A daft draft is wafting these days through an otherwise unremarkable floor of a new office building on K Street NE, where the surprising Irish-centric theater company Solas Nua has chosen to stage its first musical: an extravagantly loopy exercise called "Improbable Frequency."

The folks at Solas Nua are clearly in a mood to stretch, having diverged here from their signature fare: compact Irish dramas of gritty lyricism. For this occasion they've converted an unfinished floor of a high-rise into a wartime cabaret. There plays out the sometimes amusing, sometimes overblown tale of a British code-breaker dispatched to Dublin to figure out whether subversives in neutral Ireland are in cahoots with the Germans.

The company gets high marks for undertaking tricky material. "Improbable Frequency" is a wobbly piece of theater from Dublin that requires an exceptional degree of proficiency. It's a show that revels in an iconoclastic mixing of cerebral wit and bad puns. It relies, too, on an insouciant spirit to cover up the lapses in the storytelling and the unevenness in the songs.

Only occasionally, though, does director Matt Torney achieve the full-throttle giddiness that the plot's far-fetched mechanics demand. The cast certainly gives it the old college try -- which is fitting, since the evening can leave the impression that you're back in college. A major problem is the actors' vocal difficulties, sometimes with the accents and more often with the evening's nearly three dozen songs. Out of a cast of nine, only two actors, Stacey Jackson, playing a chirpy ingenue, and Cyle Durkee, as a mad German scientist, seem entirely comfortable with their musical assignments.

The raw space that Solas Nua has found for "Improbable Frequency" is, however, a fine match for the rawness of the proceedings. Up the elevator you go to the building's sixth floor, where you are escorted (after correctly repeating a password) to one of the makeshift lounge's tables. A four-piece band conducted by Amy Conley is positioned to one side. Richard Montgomery's set is adorably basic: a red curtain parts to reveal a pub with a simple counter and painted-on mirror.

The plot could hardly be more adorned, as it entails both the tangled World War II espionage and the complicated ins and outs of Anglo-Irish relations. The premise of "Improbable Frequency" is at once esoteric and rife with gleeful possibility: that the Irish and the British are forever locked in mutual suspicion that makes their every encounter a treacherous mind game.

Within this framework, book writer Arthur Riordan and the composers, the Irish musical group Bell Helicopter, unspool the tale of Tristram Faraday (Eric Messner). He's a goofy English whiz at crossword puzzles who's sent to Dublin by his British masters to learn whether secret messages being broadcast over Irish radio -- hence the musical's title -- are somehow hurting the war effort.
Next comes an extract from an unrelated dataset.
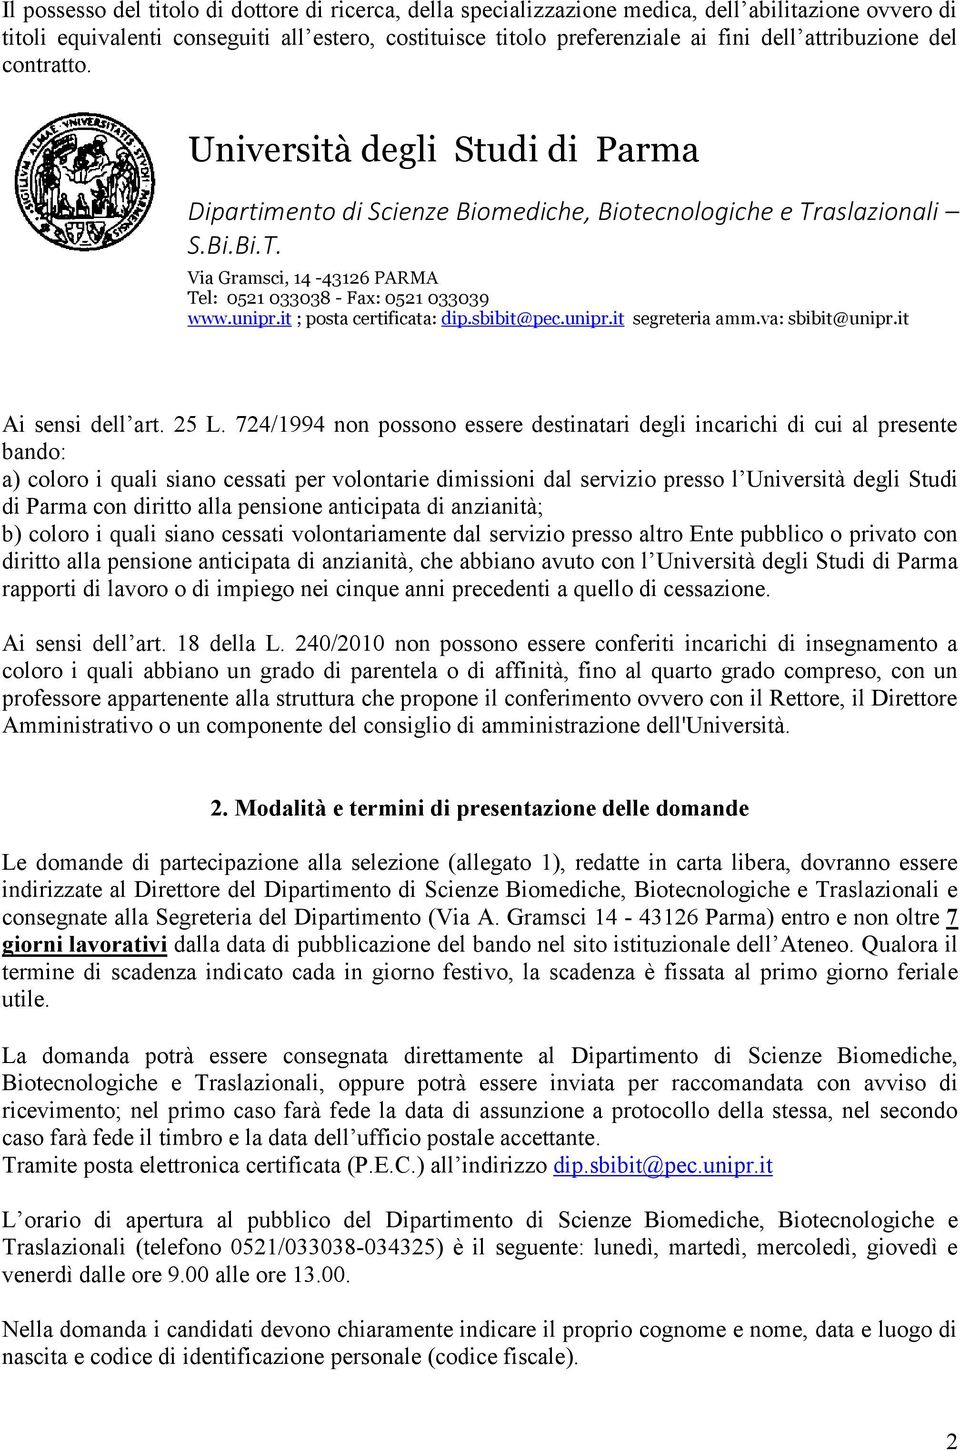 724/1994 non possono essere destinatari degli incarichi di cui al presente bando: a) coloro i quali siano cessati per volontarie dimissioni dal servizio presso l Università degli Studi di Parma con

As it turns out, the effect the airwaves are having is not the result of mystical Gaelic spells but of a Teutonic evil genius who's built some sort of nonsense doomsday machine.

The more formidable force Tristram confronts, however, is the seething island itself, where the inhabitants freely indulge their grievances as well as their well-honed sense of irony. Centuries of bad treatment by their neighbors across the Irish Sea have left the locals unsympathetic to the British cause. "Although we're not Nazis/We're not bleeding patsies," goes one of the lyrics.

The theme is not inaccessible for Americans. It's just that at times, the musical adopts so many styles that it never develops one wholly its own. Why, for instance, Riordan has his characters speak in rhyme is never satisfactorily revealed. And the score is a hodgepodge of dreamy ballads, folk and patriotic song parodies and dense bits of sprechstimme, or speak-singing. One wishes for a more cohesive blueprint, along the lines of the tongue-in-cheek mayhem of a show it sometimes evokes, "Urinetown."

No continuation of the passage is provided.